Machine learning systems could detect signs of sudden eruptions hours earlier forcing scientists and authorities to rethink the balance between false alarms and public safety
Scientists are exploring whether artificial intelligence and machine learning systems could provide earlier warnings of sudden volcanic eruptions even if doing so means communities may occasionally face more false alarms.
New research suggests that automated forecasting tools capable of analysing subtle changes in volcanic vibrations could identify signs of an impending eruption hours before it occurs. The findings raise an important question for disaster management: how many false alarms should society accept if earlier warnings could save lives?
The issue is particularly urgent for volcanoes capable of erupting with little warning.
In December 2019, Whakaari, also known as White Island, suddenly erupted in New Zealand, killing 22 people and seriously injuring 25 others. The disaster remains the country’s deadliest volcanic event in recent history.
Similar sudden eruptions have occurred elsewhere. In 2014, Japan’s Mount Ontake erupted with little warning, killing 63 people, many of whom were hiking near the summit.
Researchers say conventional warning systems face major challenges when volcanic activity escalates within minutes or hours. Scientists must interpret complex seismic signals and assess the likelihood of an eruption before authorities can issue warnings.
Machine learning systems could help speed up that process.
The researchers re-examined the performance of a machine learning eruption forecasting system across five volcanoes in New Zealand, Japan, Chile and Russia. Using years of seismic data, the system estimated the probability of an eruption occurring within a rolling 48 hour period.
At Whakaari, the system successfully anticipated four out of five eruptions when tested using previously unseen data.
However, the improved warning capability came with a trade off. The system would have generated warnings for approximately 15 days each year when no eruption ultimately occurred.
While that may appear to be a significant number of false alarms, researchers argue that the risks and costs must be compared with the potential benefits of timely evacuation and preventive action.
Using a cost loss model the study found that precautionary measures based on earlier warnings could reduce preventable losses by between 30% and 90%.

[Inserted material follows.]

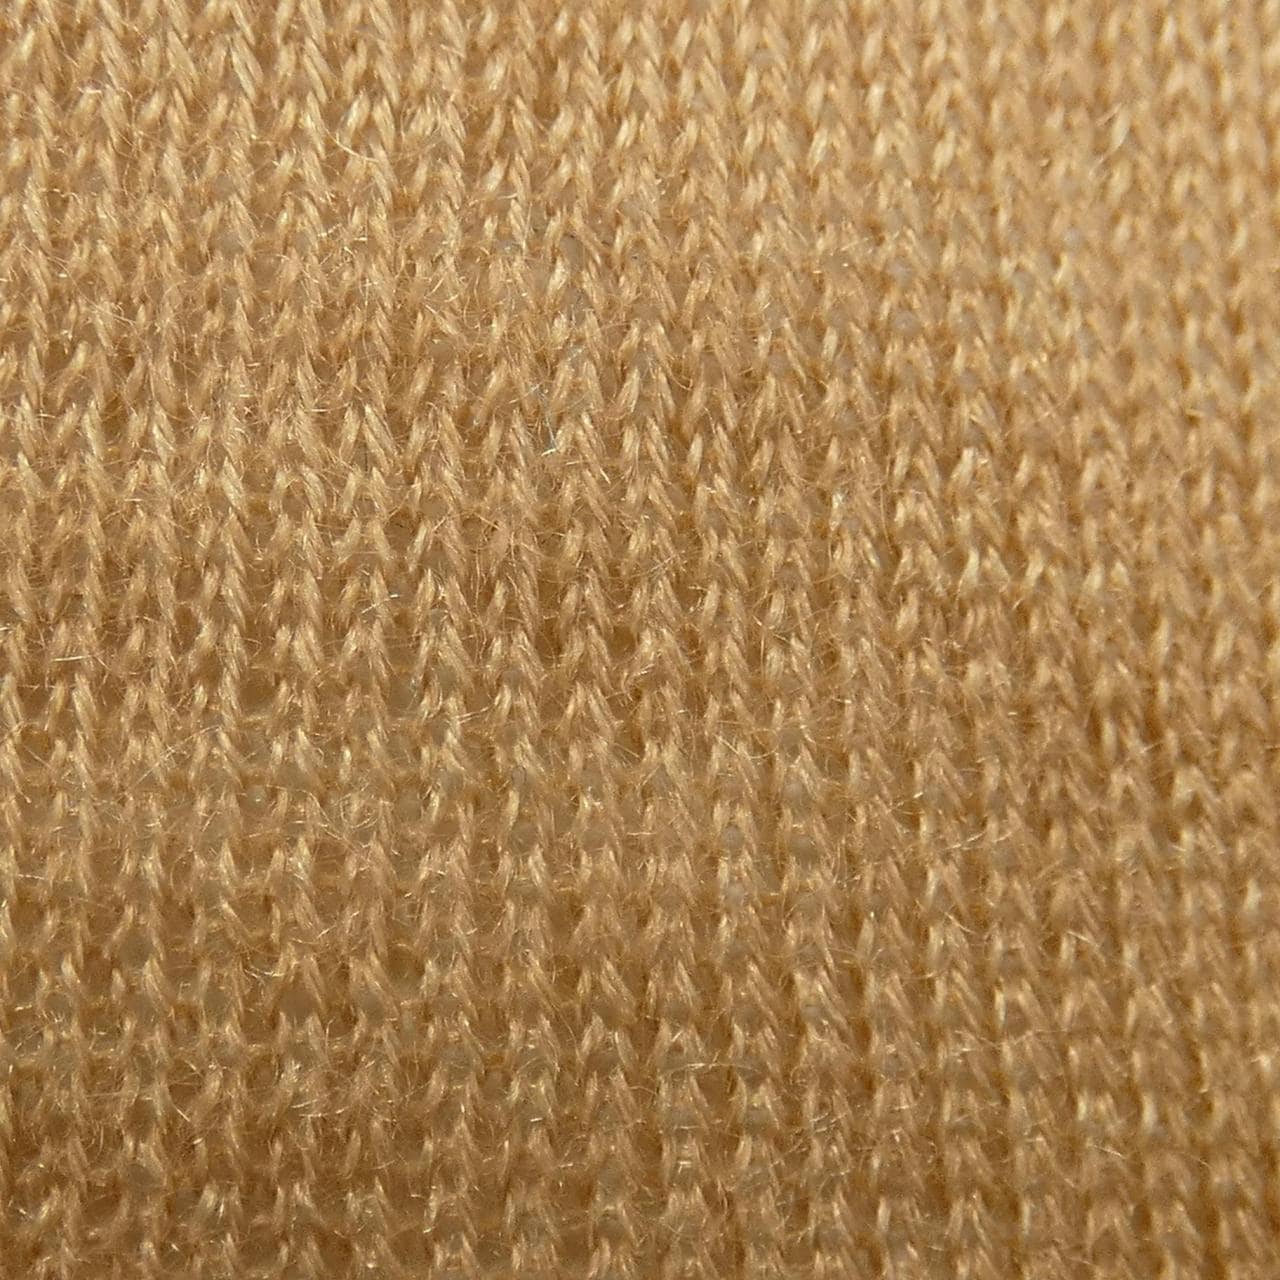 CURRENTAGE Knit

The economic consequences of false alarms would vary significantly depending on the location. For example, closing Mount Ruapehu during a busy ski season could result in substantial financial losses and disruption.
But researchers say those costs must be weighed against the possibility of preventing deaths, severe injuries and long-term trauma.
“In some situations, a warning system that ‘cries wolf’ more often may ultimately be safer and economically rational than one that waits for high confidence,” the study suggests.
The researchers point out that other disaster warning systems already operate with a similar level of uncertainty. Tsunami alerts, for example, often result in warnings even when destructive waves do not materialise, yet communities continue to respond because the potential consequences of ignoring a genuine threat can be catastrophic.
Public trust and effective risk communication will therefore be critical if automated volcano warnings are introduced.
Importantly, researchers do not see artificial intelligence as a replacement for volcanologists. Instead, automated systems could act as an additional layer of protection, providing rapid alerts when volcanic activity suddenly changes while experts investigate the situation and determine the appropriate response.
The technology could help protect not only people living near volcanoes but also tourists, hikers, ski resorts, roads, power infrastructure and other critical facilities.
The research also supports the broader goals of the United Nations’ Early Warnings for All initiative, which aims to ensure universal access to multi hazard early warning systems by 2027.
For volcanoes capable of erupting suddenly, researchers say waiting for complete certainty before issuing an alert can itself create serious risks.
The emerging evidence suggests that accepting a higher number of false alarms may sometimes be a reasonable price to pay if it gives communities the most valuable resource during a disaster time.